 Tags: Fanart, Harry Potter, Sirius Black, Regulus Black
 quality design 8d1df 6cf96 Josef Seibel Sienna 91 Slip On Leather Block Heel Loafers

==

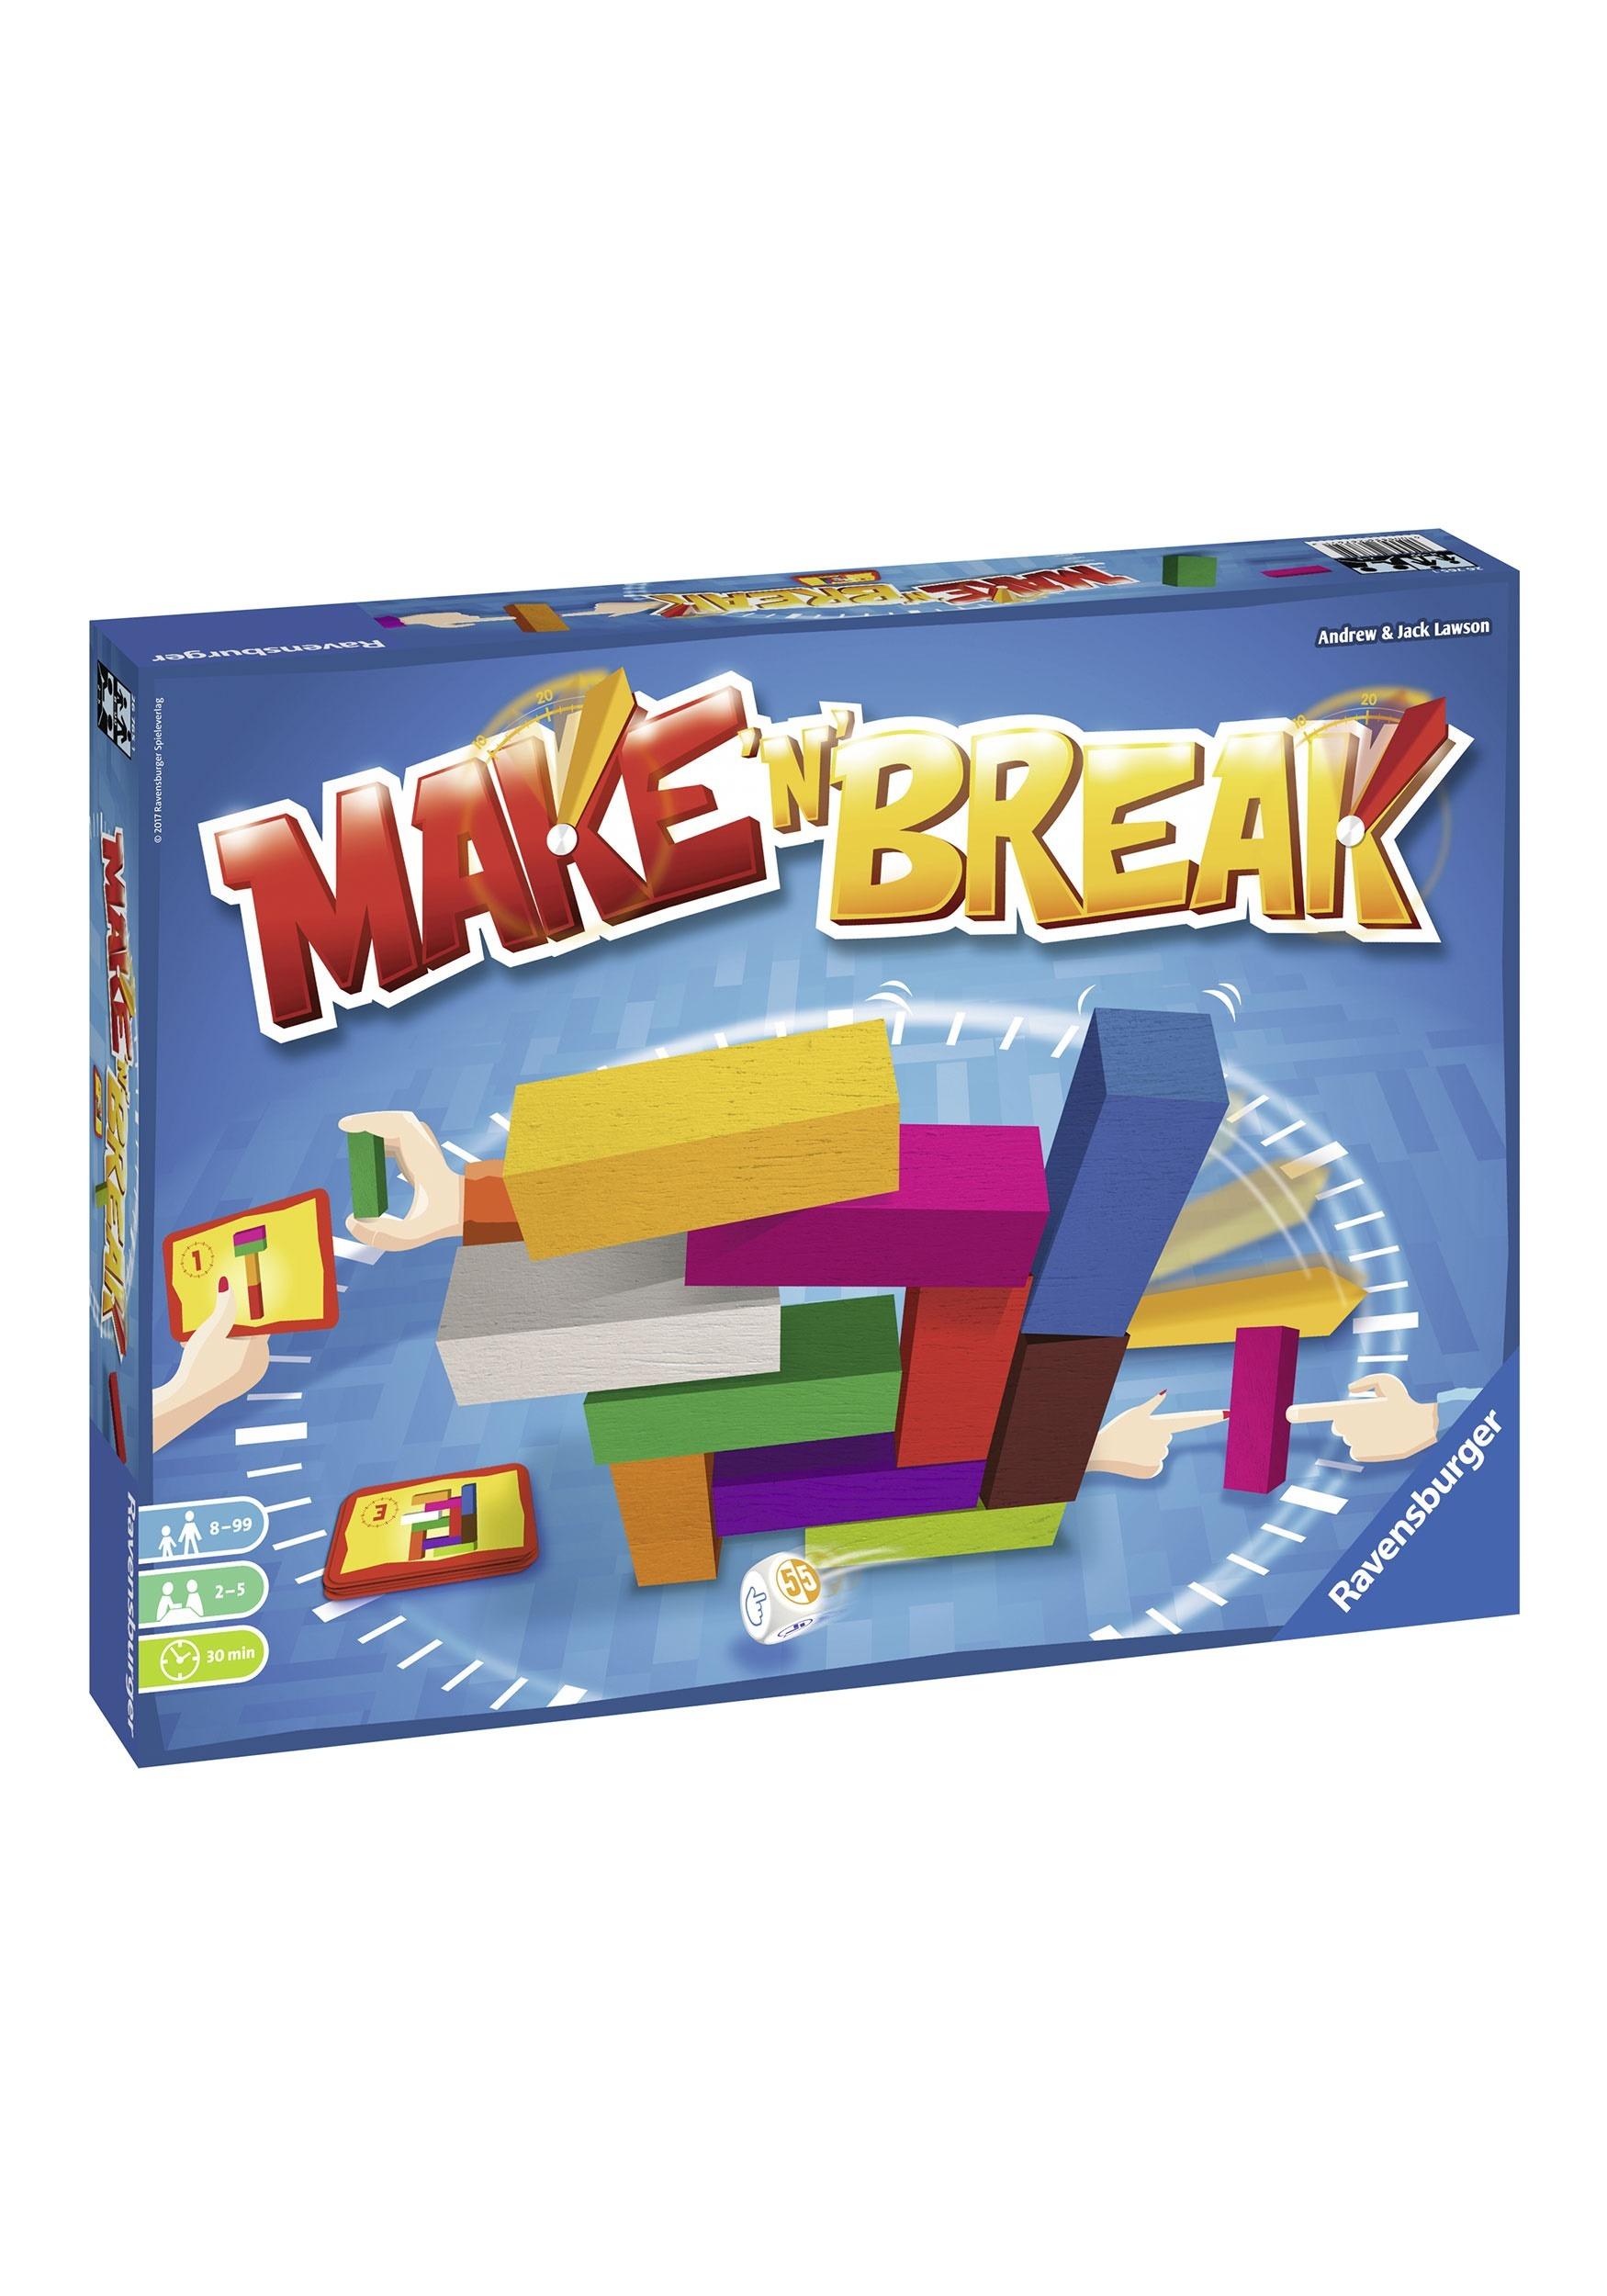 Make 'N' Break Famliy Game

### INSTRUCTIONS TO FOLLOW
For this exercise, output exactly the lines above from the line with "Tags: Fanart, Harry" to the line with "quality design 8d1df", counting both, and leave out the rest.

### EXERCISE RESULT
 Tags: Fanart, Harry Potter, Sirius Black, Regulus Black
 quality design 8d1df 6cf96 Josef Seibel Sienna 91 Slip On Leather Block Heel Loafers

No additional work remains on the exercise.